Doyle watches him as he sets individual forks gently on top of each other in the cutlery drawer, so as not to make a sound. He makes some notes and then moves on to another monitor: a couple breeding. On the screen above, a man watches their silhouette as he walks past their window with his dog. Doyle picks up the microphone and says something about ‘the accident’ of evolution into it. The burst of the loud speakers startles the man and sends him scuttling up the street, wide eyed and dog barking. Doyle chuckles to himself and moves on to another subject.
Two floors up, Observation Level 4, Professor John Ingot scribbles furiously on a tattered feint and margin note pad. Tiny rivers of black coffee fill the cracks of his chapped lips and run towards his chin, but are cut short by a vacuum from his tongue. He places the empty polystyrene cup back on the desk just next to the digital image of Doyle and Mansbane carrying out their duties with the standard enthusiasm. Ingot is particularly interested in Mansbane. It’s not often he gets to see the employees interact with visitors. But in this case, it’s the lack of interaction between the two that makes up the bulk of his notes.
Professor Jones, on Observation Level 6, watches Ingot through her left eye as she fishes a lump of mascara that has collected around the corner of her right. She flicks the offending mass away with her thumb and continues an objective observance of Ingot’s eating habits, which are only surpassed in fervour by dedication to his work. With one hand poised over her mouth, she pushes a button on a small grey box. It’s the control board for Ingot’s room. Presently, a localised electro-magnetic field stirs the atoms around a donut sitting by Ingot’s empty coffee cup. It falls to the floor.

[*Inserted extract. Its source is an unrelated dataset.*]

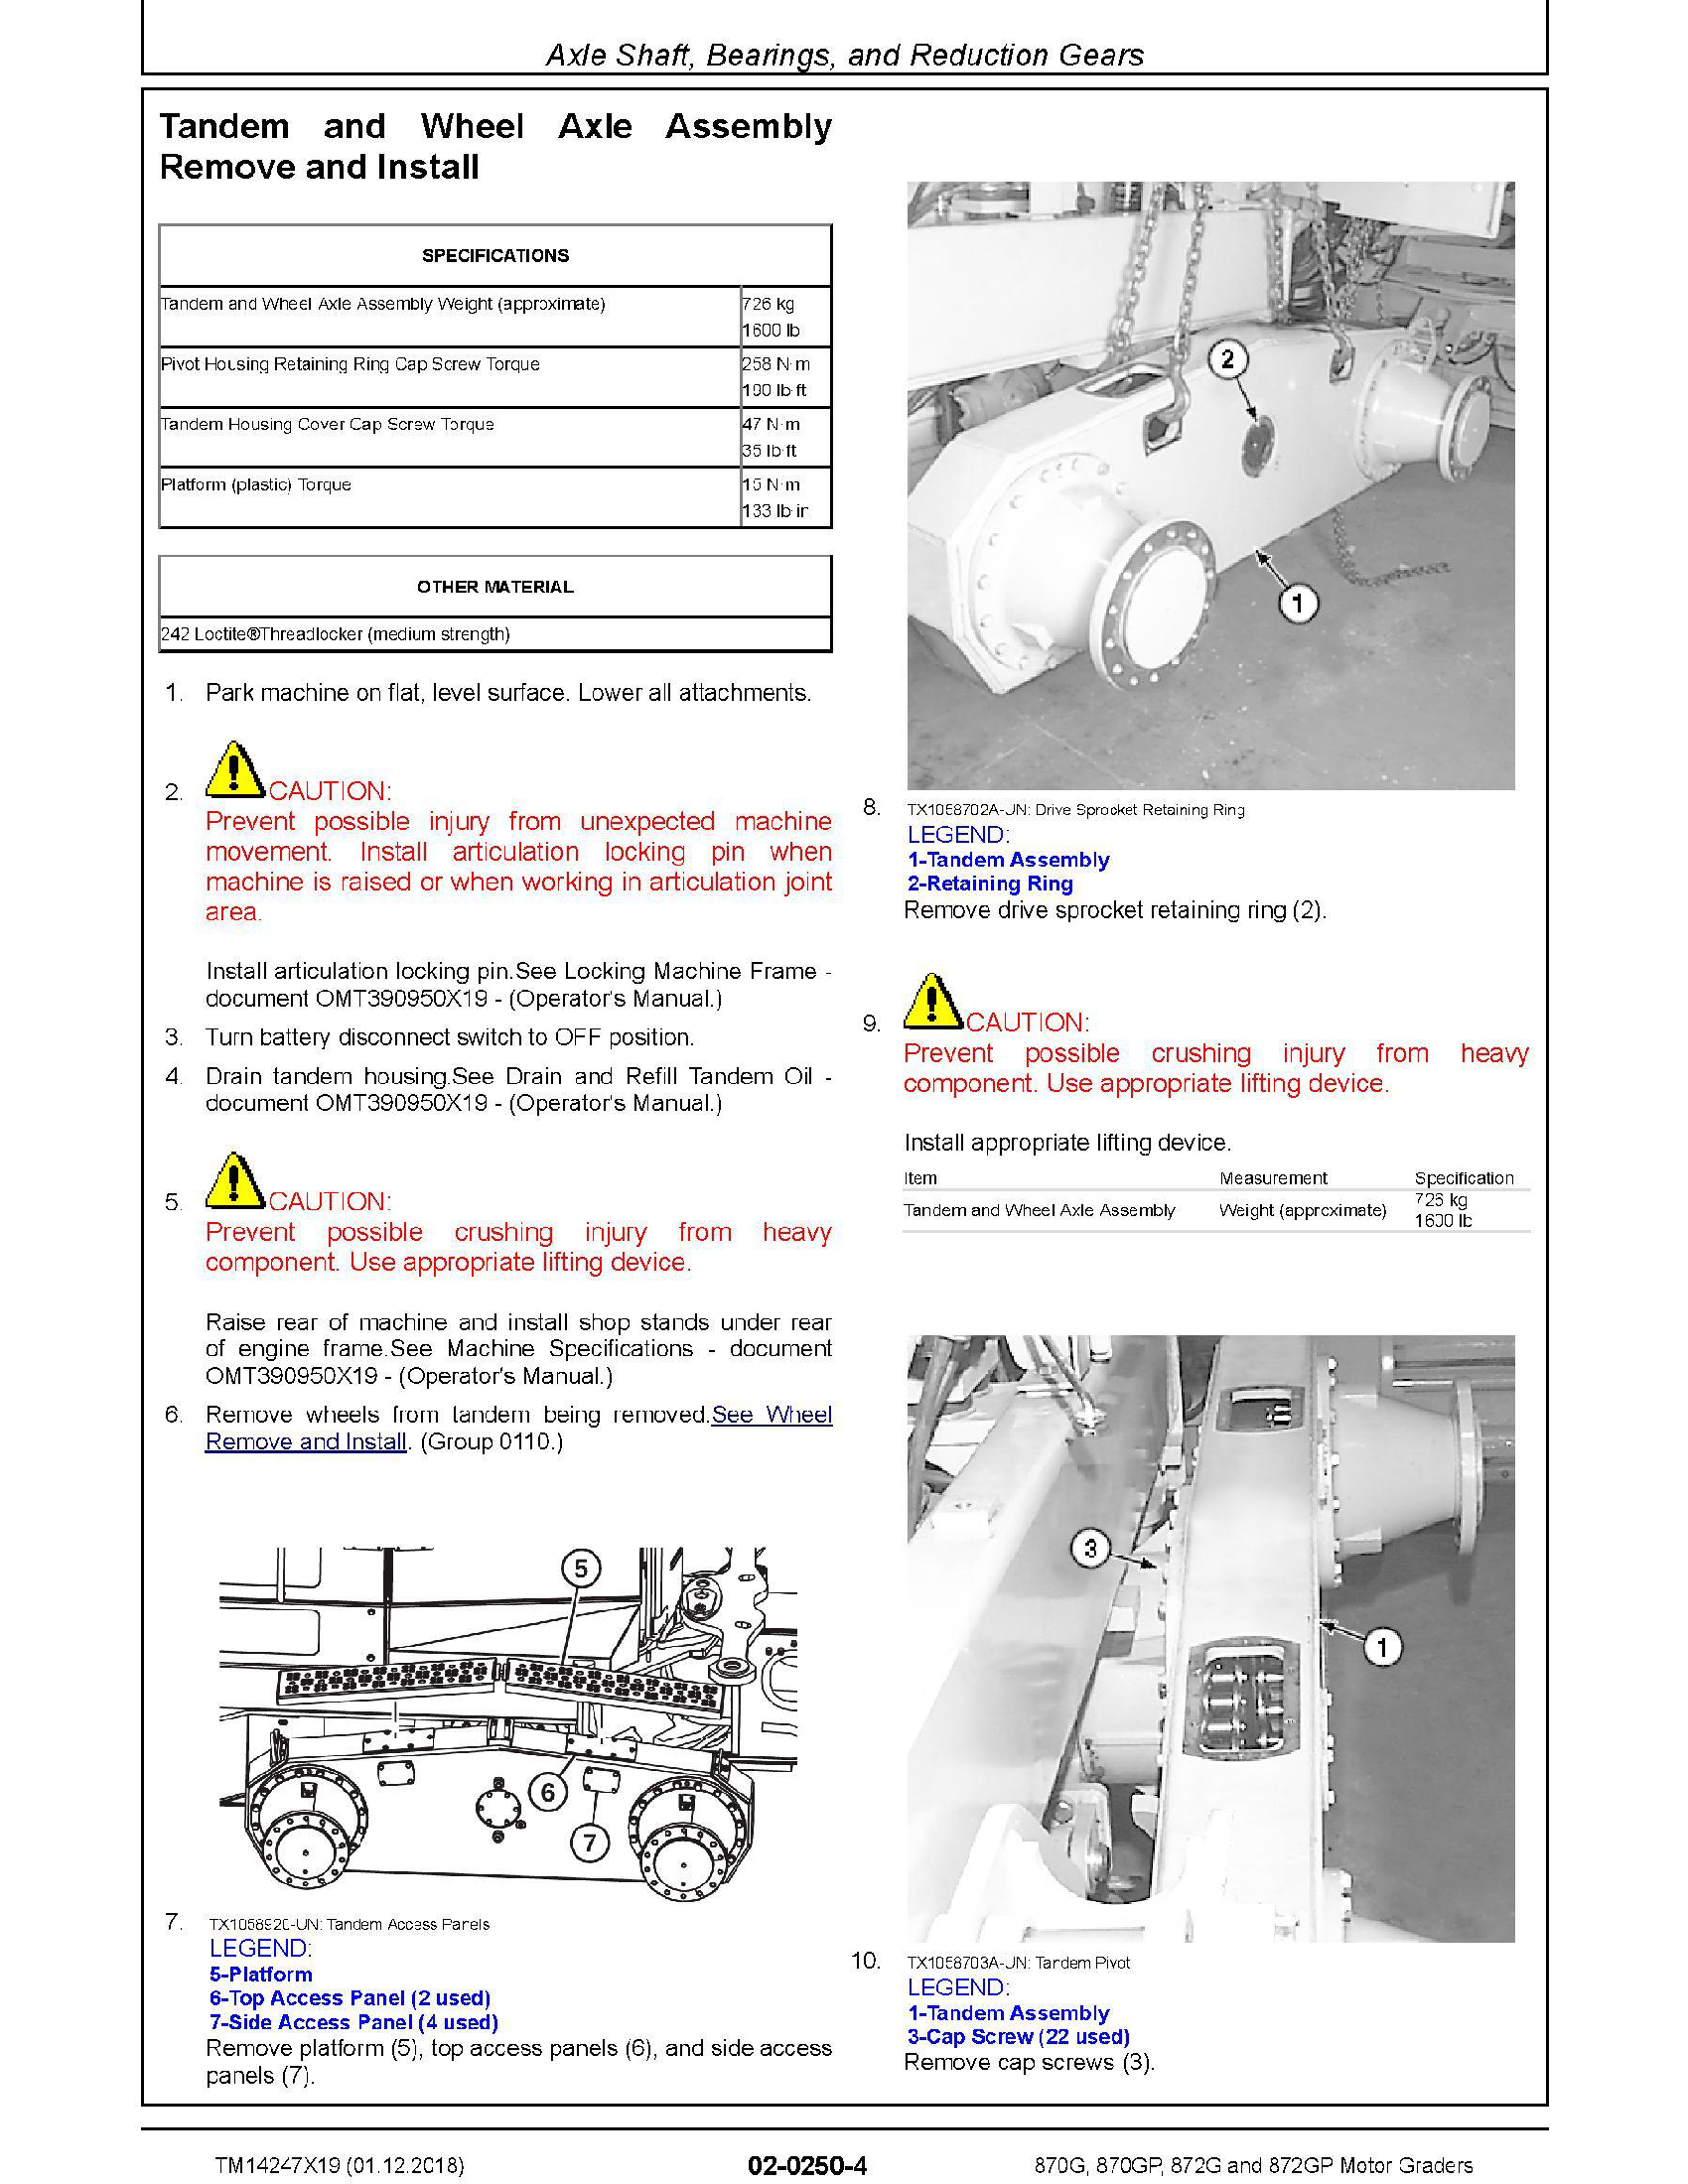 John Deere 135C manual pdf

Jones watches attentively, a smile breaking on her lips as the Professor moves his chair close to pick up the donut. Dimples appear on her cheeks as he takes a bite from it, wipes sugar from his mouth with his sleeve and goes to fetch more coffee. Jones is baring her teeth now. Her fingers, long and angular, drum at a keyboard with violent speed, but her hammering is precise enough to prevent the breakage of manicured nails.
There are ten such rooms in the company building with twenty monitors in each and one spectator similar to Dr. Doyle. Outside the company buildings the cities are under constant supervision from solar powered airships that carry giant computer automated eyes and the orbit of the planet itself is littered with various satellites, projecting their findings back down to the surface for processing.

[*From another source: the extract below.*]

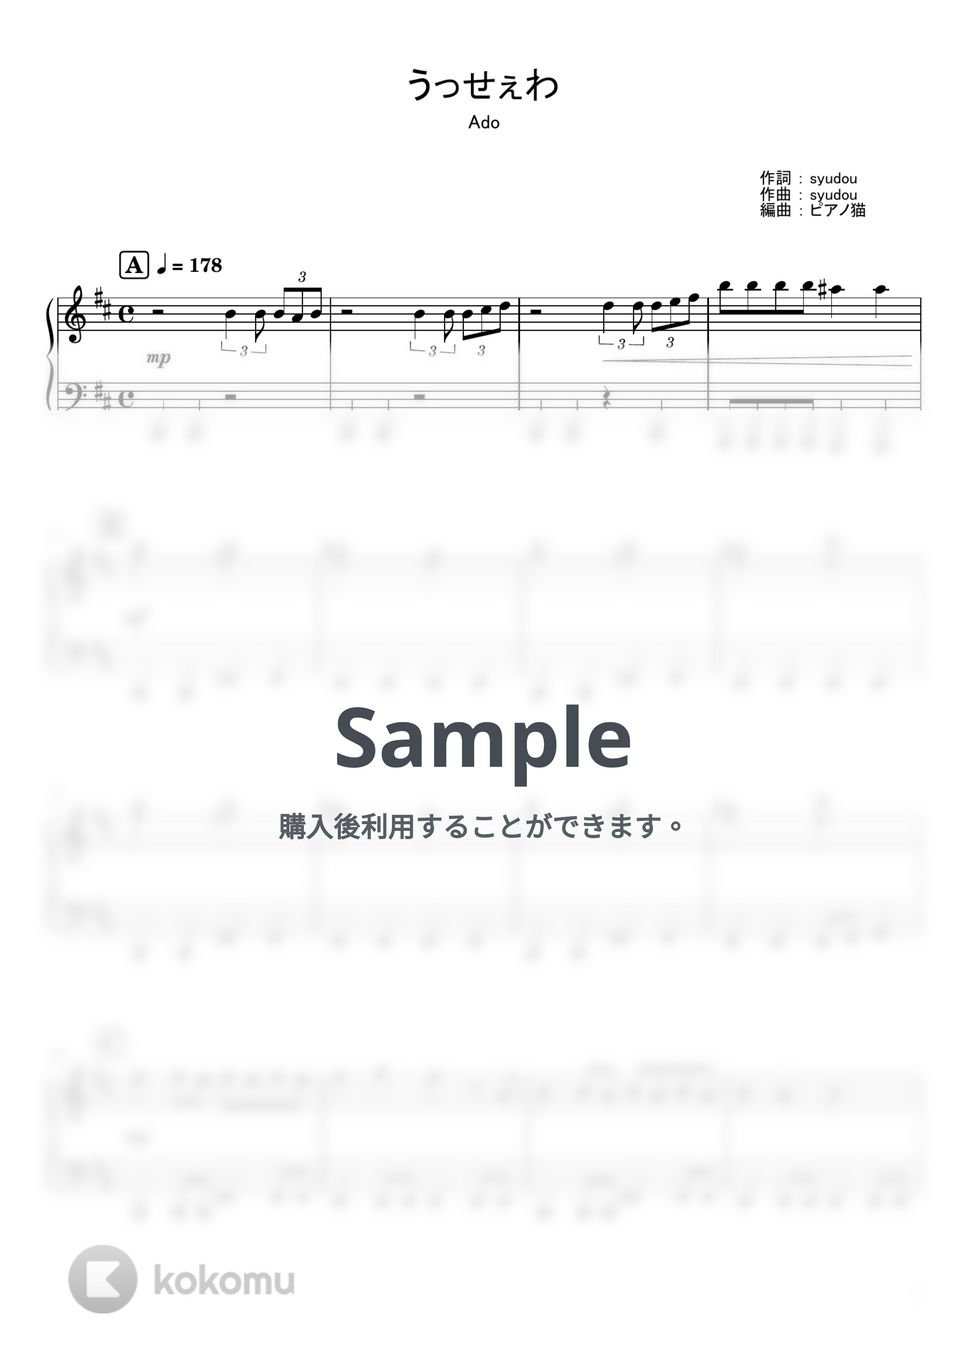 Ado - うっせぇわ (ピアノ,ソロ,弾き語り,Ado,うっせぇわ) by ピアノ猫

The observations are used as templates, which contribute to the design and control of mass populations. A scheme that eventually hopes to encompass every living being of their kind. If successful we may see a further drop in the subjective aspect of their collective experience, the very essence of their individual nature.
Incidentally, despite my continued research, I have no more useful insights about the species than when I began this study. It seems to me that the more I learn about them, the more elusive and complex their character becomes. Perhaps my colleagues are right and it is impossible to bridge the semantic gap between dimensions with our primitive technology. And their limited existence to only four of our dimensions has instilled a severely retarded perception in their genes.

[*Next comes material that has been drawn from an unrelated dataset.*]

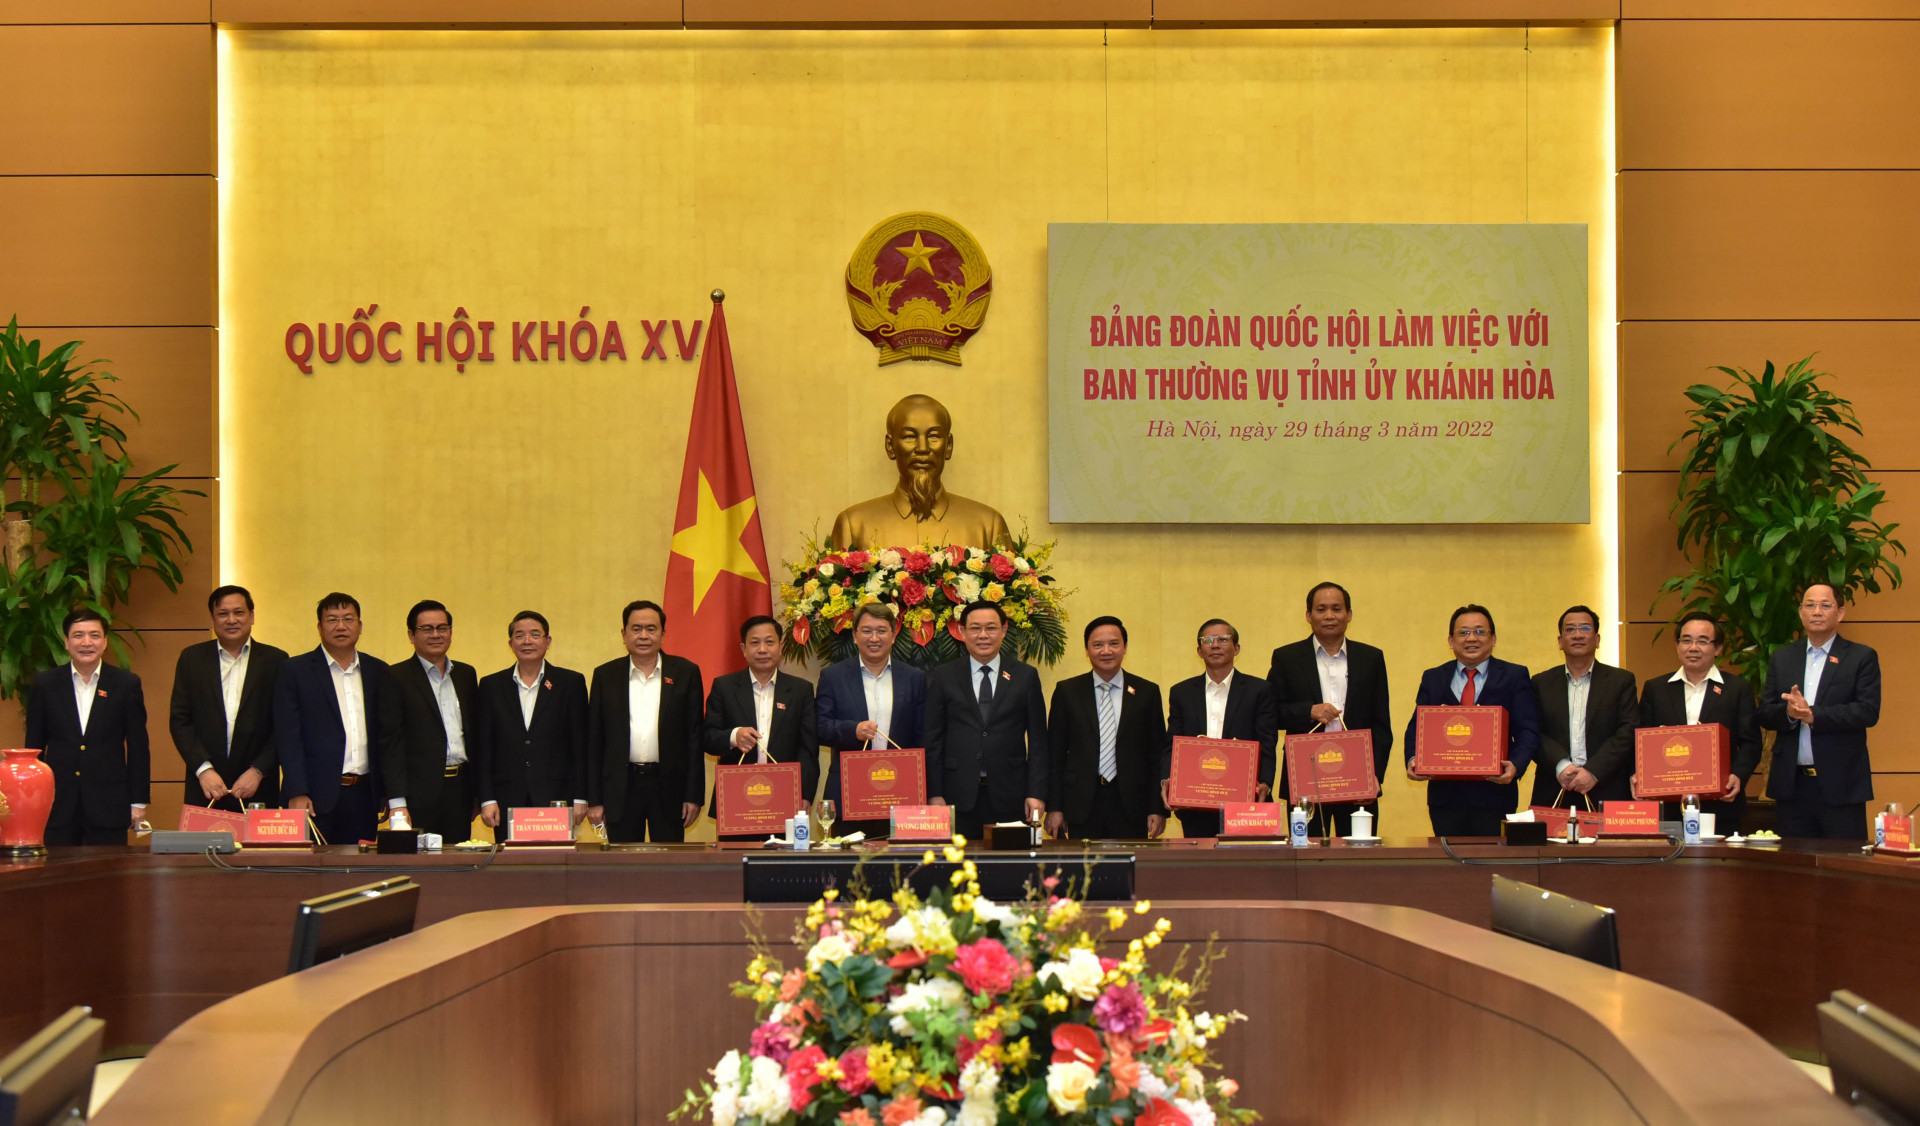 Ban Thường vụ Tỉnh ủy Khánh Hòa chụp ảnh lưu niệm với Chủ tịch Quốc hội

Suggestions for further research:
- In my opinion it is time we introduced a new threat from outside their planet, something devastating enough to drastically alter their persistently shallow view of the universe, and also give us an opportunity to observe any long term affects this may have on their communal behaviour. It will be exciting to see what they are capable of in such a situation - If they can survive it at all.